British feminist activist (1862-1915)

Leonora Philipps (4 November 1862 - 30 March 1915), sometimes known as Nora Philipps, was a British feminist activist.

Born in Camberwell, then in Surrey, as Leonora Gerstenberg, her family were Jewish and her father was wealthy. She was orphaned at the age of fourteen, becoming a ward of chancery. She performed strongly at school, then attended Birkbeck University College and the Slade School of Art, where she completed a course in metalwork. She also attended the Royal Academy of Dramatic Art, and was tutored privately in drama by Isabella Glyn.

Influenced by the ideas of John Stuart Mill, trips to the East End of London and to the United States, Gerstenberg became interested in feminism and issues around poverty. She became active in the Women's Liberal Federation (WLF), and soon became president of the Westminster Women's Liberal Association. Her inheritance had grown through investment, and by the late 1880s, amounted to around £100,000.

In 1888, Gerstenberg married John Wynford Philipps, who had just won the Mid Lanarkshire by-election for the Liberal Party. Philipps became a vice-president of the Scottish Women's Liberal Federation, and in 1891 wrote a widely-circulated pamphlet, An Appeal to Women. In this, she argued that women should become active in public service. She also lectured on a number of topics, including temperance, the unionisation of shop assistants and free education.

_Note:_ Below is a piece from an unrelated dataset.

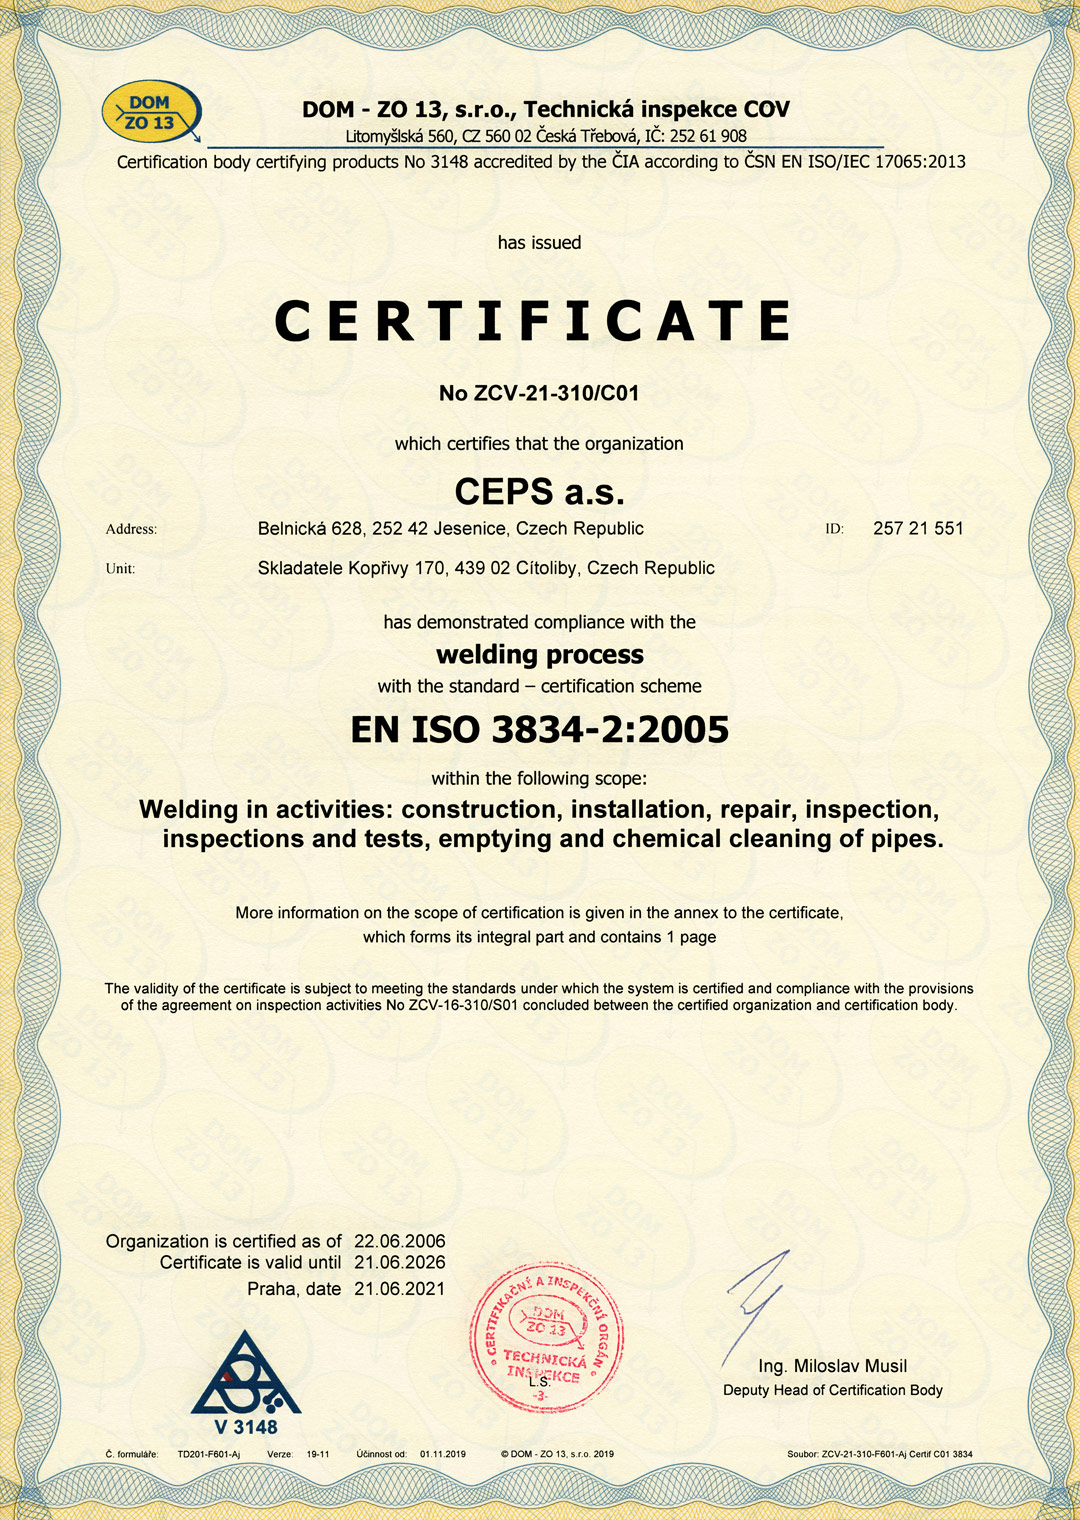 EN ISO 3834-2:2005 Welding Process Certificate (Certificate No. ZCV-21-310/C01)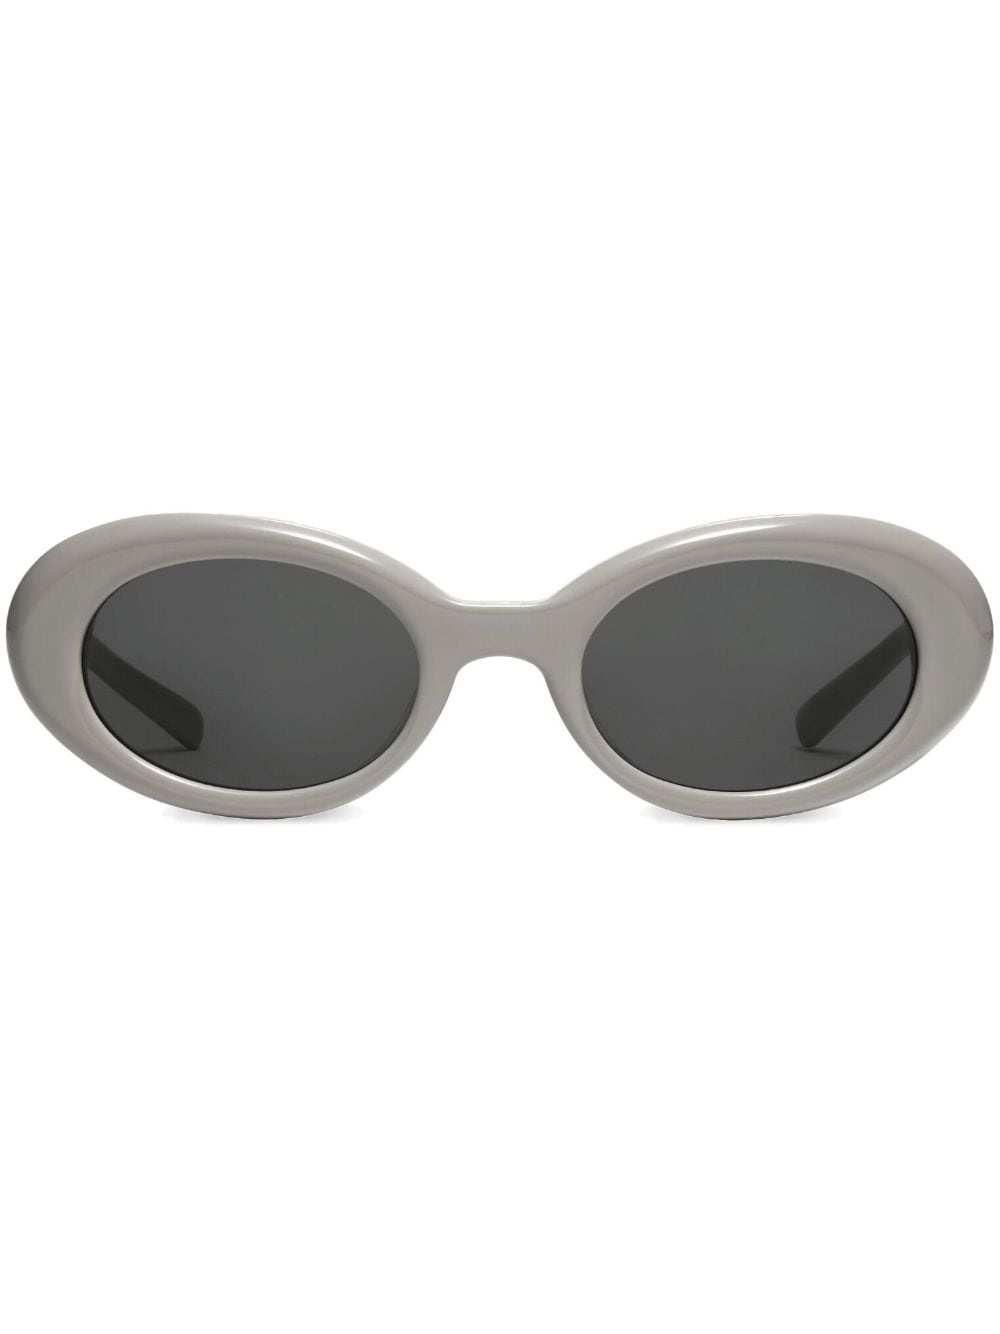 GENTLE MONSTER x Maison Margiela MM005 G10 sunglasses | REVERSIBLE

In 1891, the WLF split over attitudes to women's suffrage, and Philipps was a vocal support of the majority, pro-suffrage view. In 1892, she was elected as president of the Welsh Union of Women's Liberal Associations, and was a co-founder of the Pioneer Club in London. She was also an early member of the Somerville Club, and a founder in 1897 of the Women's Institute at Grosvenor Crescent.

John became a Member of Parliament for Pembrokeshire in 1898, and the couple moved to Roch Castle, in the constituency. In 1908, he became a baron, and Nora accordingly became Lady St Davids. When a national pageant was held in Cardiff in 1909, Nora was one of the main organisers, and in 1913 she presided over a concert at the Abergavenny Eisteddfod.